■ Problem description: Apart from the pictures, every line below needs to be reproduced verbatim.
BEGIN Data provided
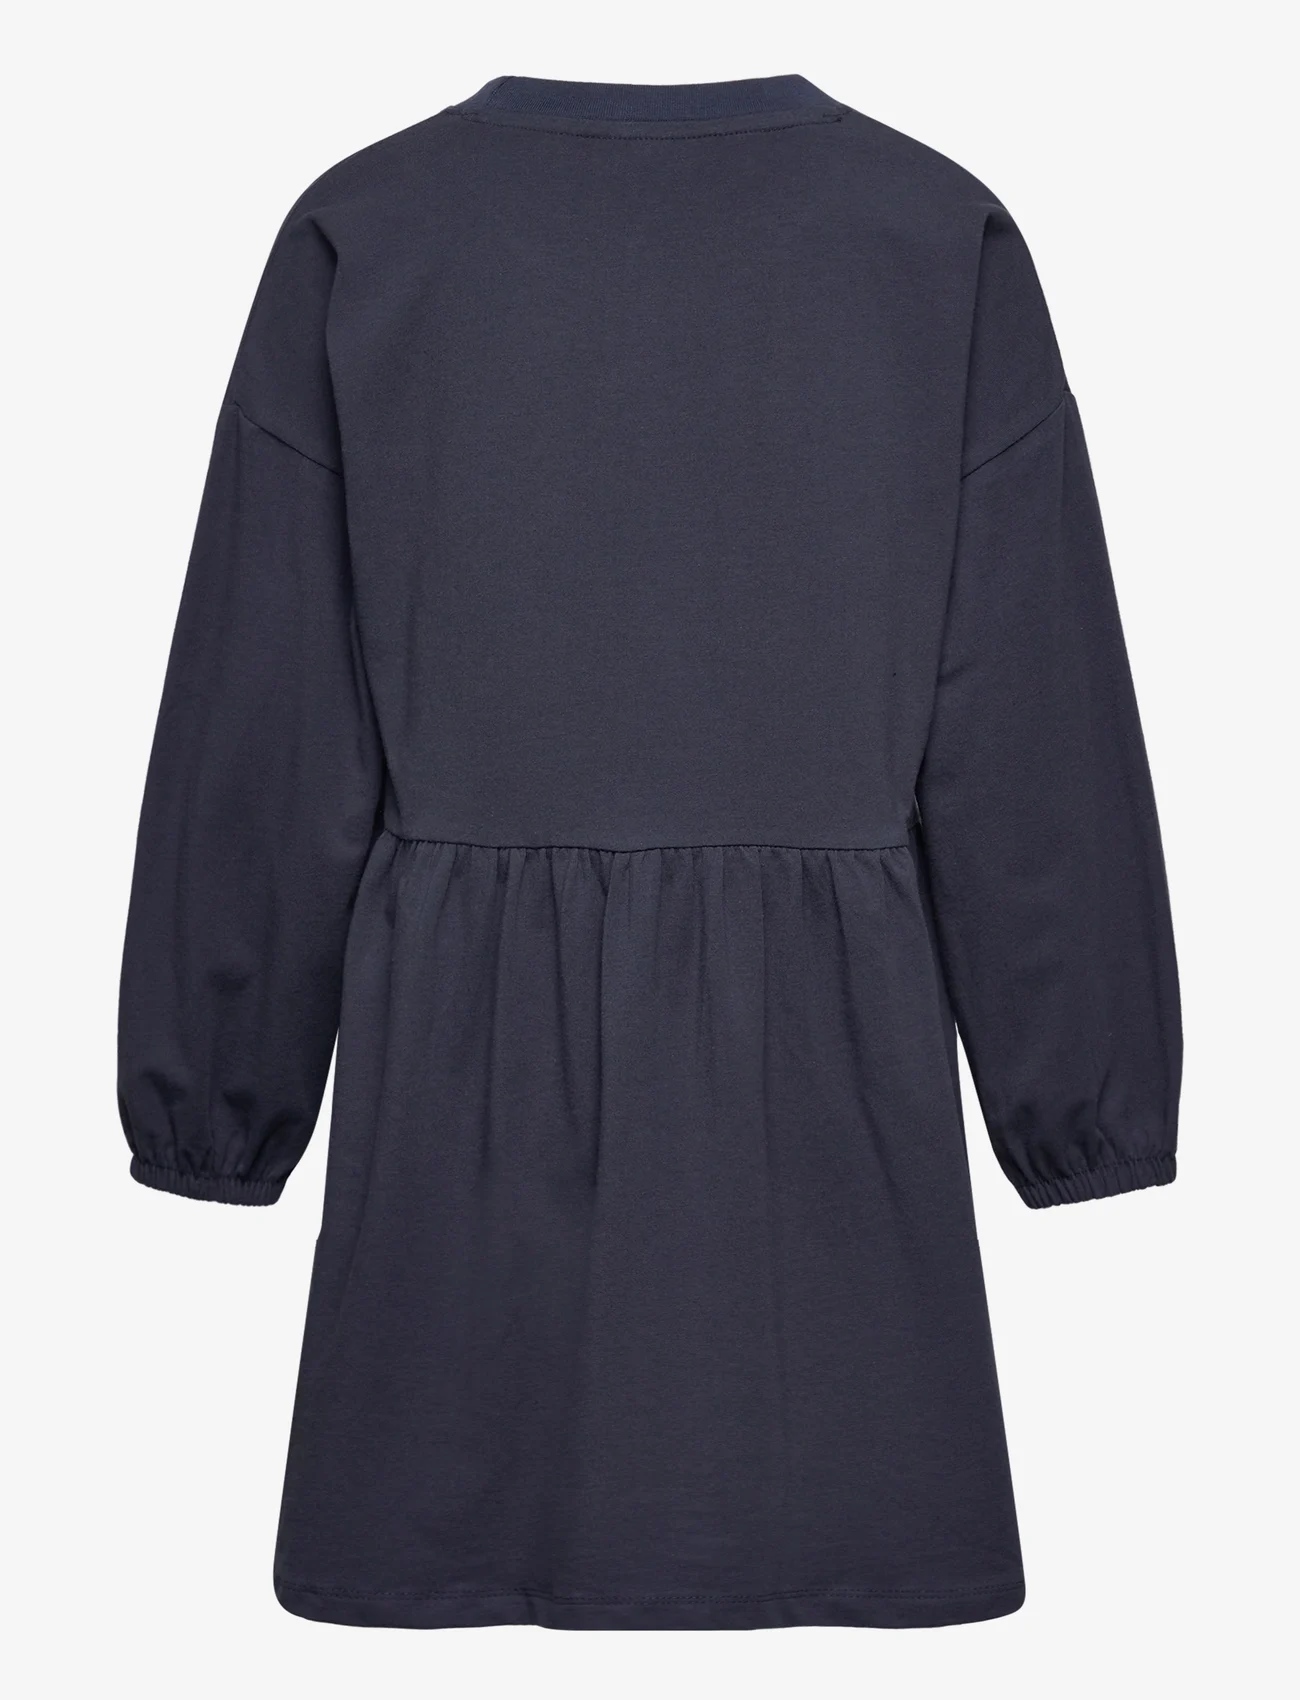 ebbe Kids - Camille Dress - long-sleeved casual dresses - 1136 wild navy - 1
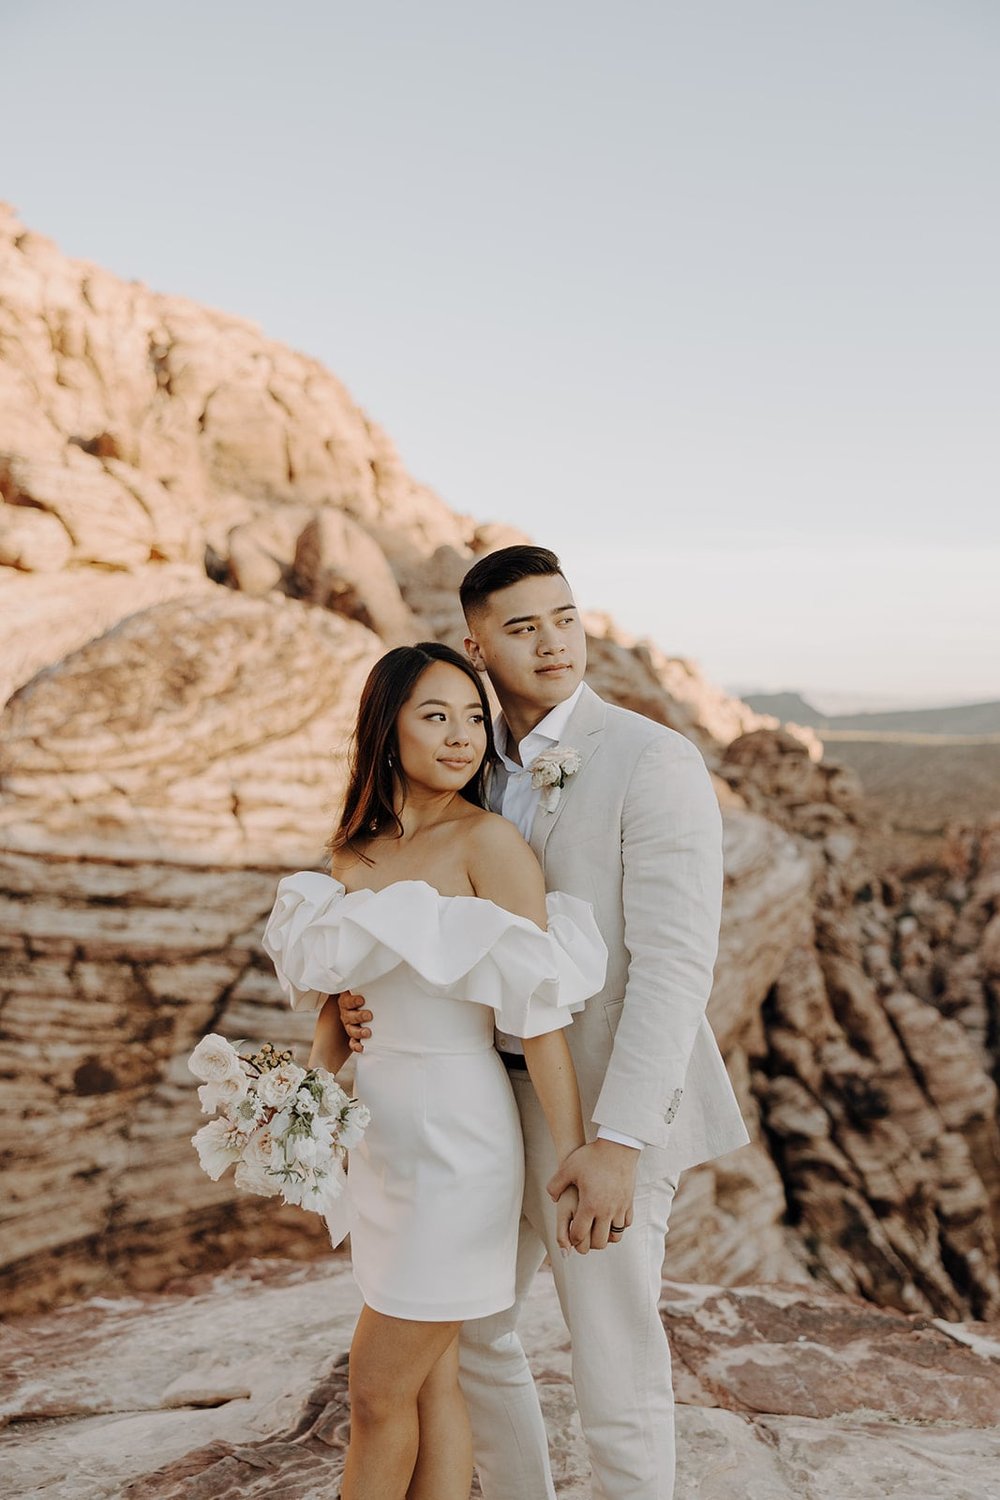 Bride and groom elopement photos at Red Rock Canyon
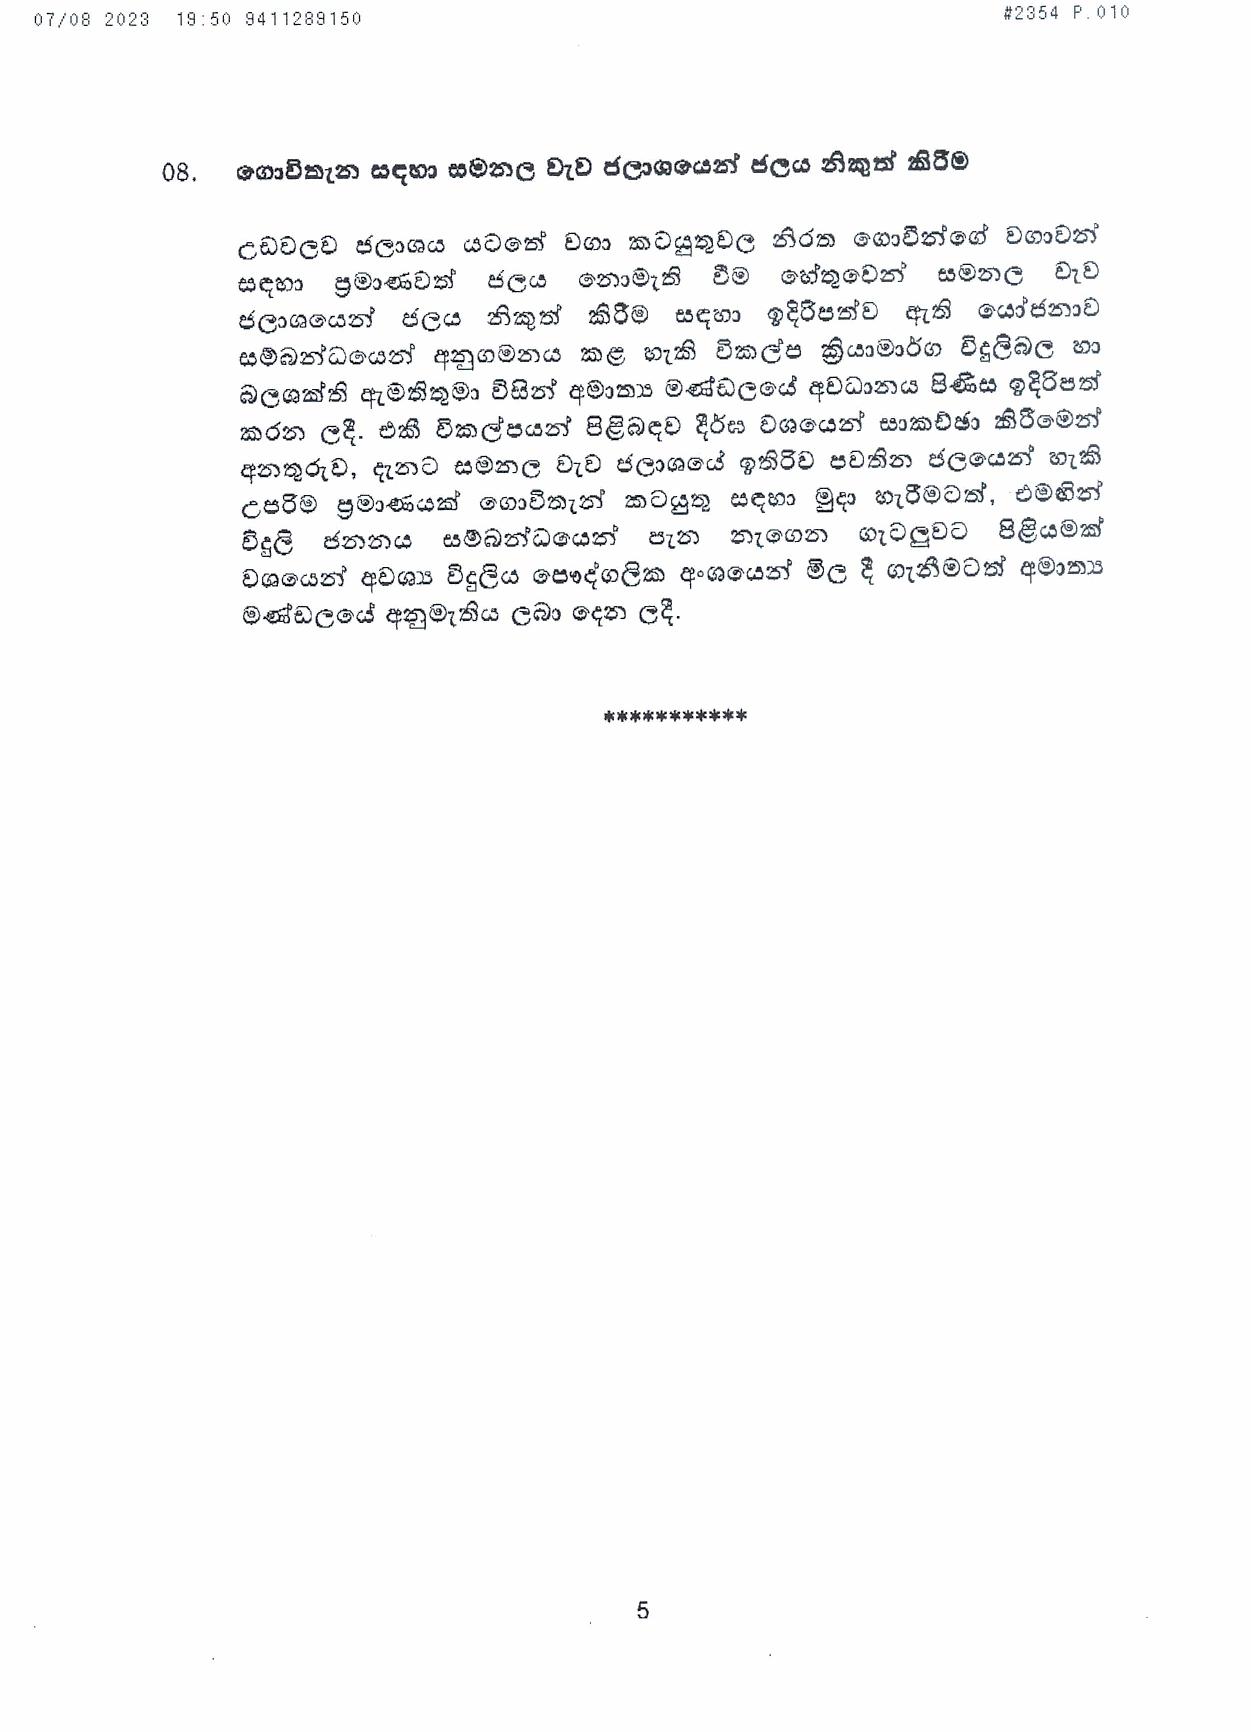 Cabinet Decision on 07.08.2023 page 005
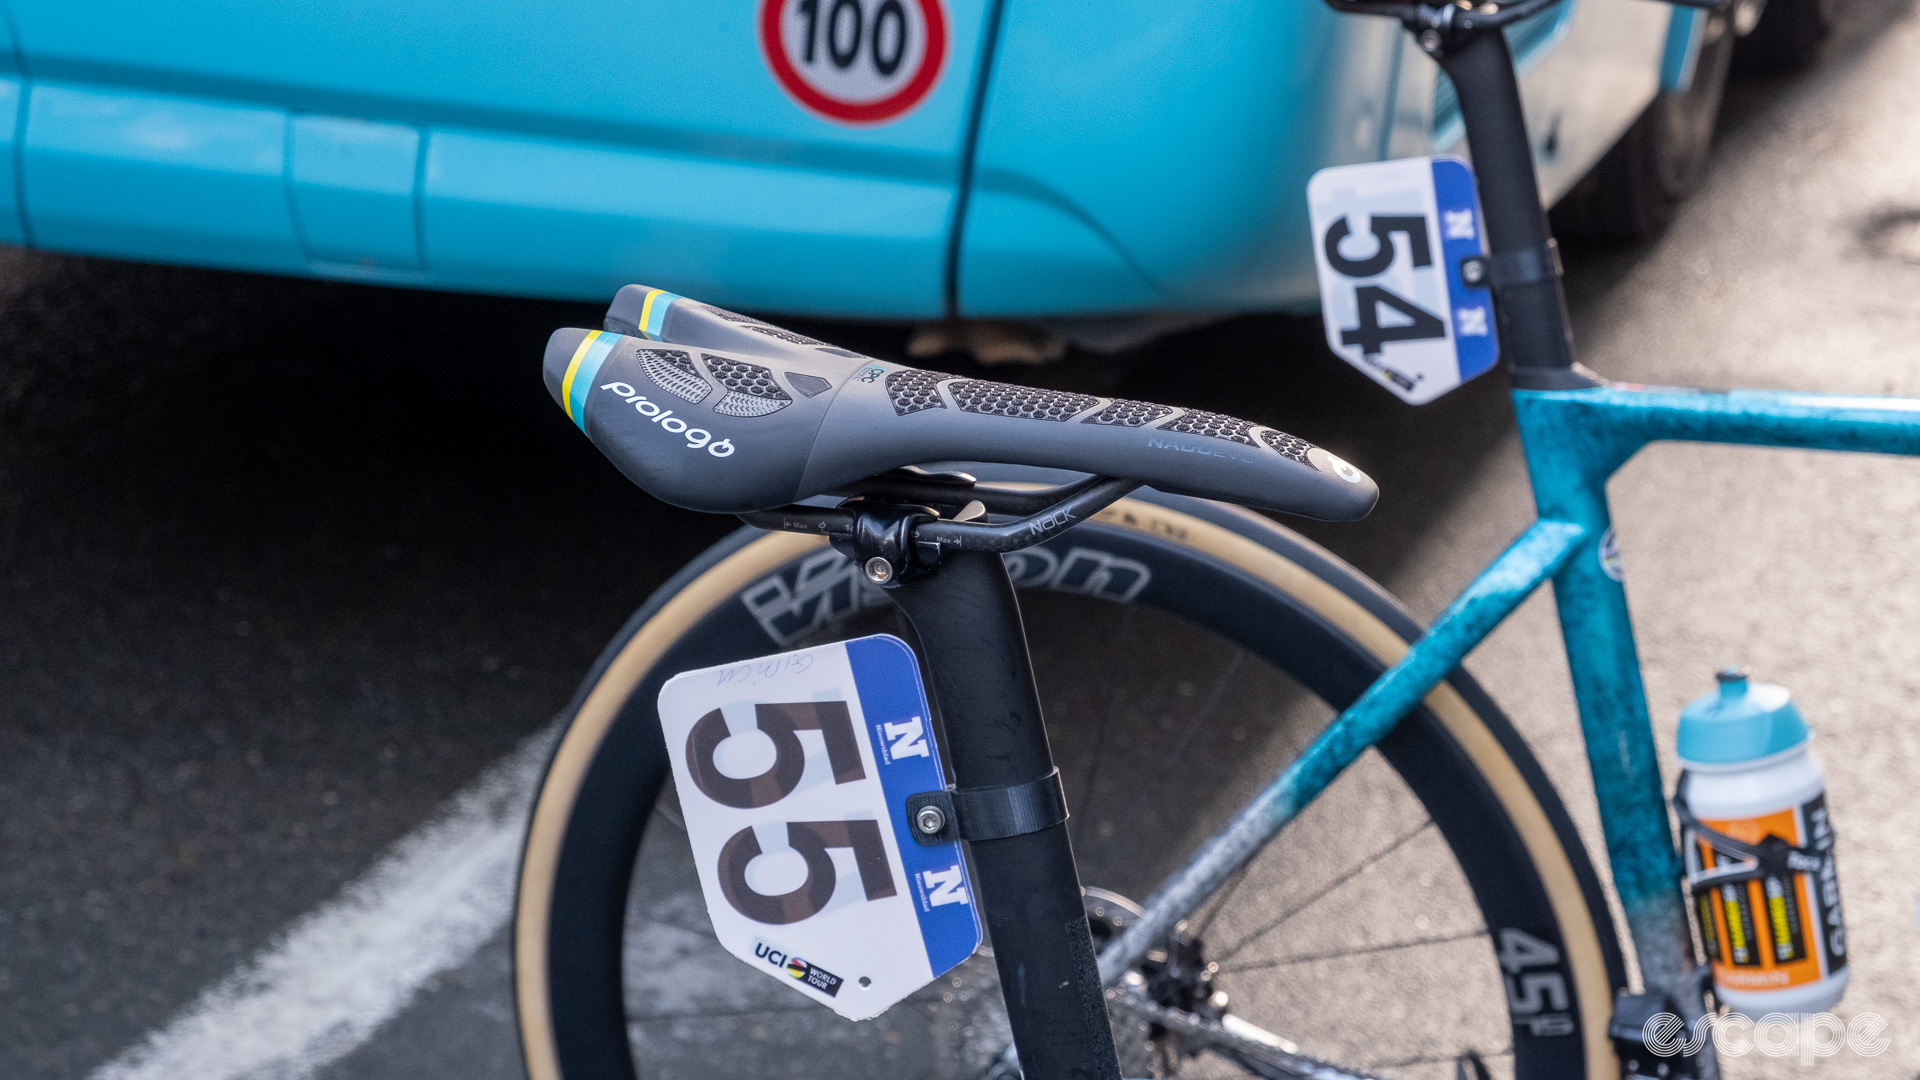 The image shows a Prologo saddle with the seat post mounted on the middle of the rails.
END Data provided
■ Answer to the problem:
 ebbe Kids - Camille Dress - long-sleeved casual dresses - 1136 wild navy - 1
 Bride and groom elopement photos at Red Rock Canyon
 Cabinet Decision on 07.08.2023 page 005
 The image shows a Prologo saddle with the seat post mounted on the middle of the rails.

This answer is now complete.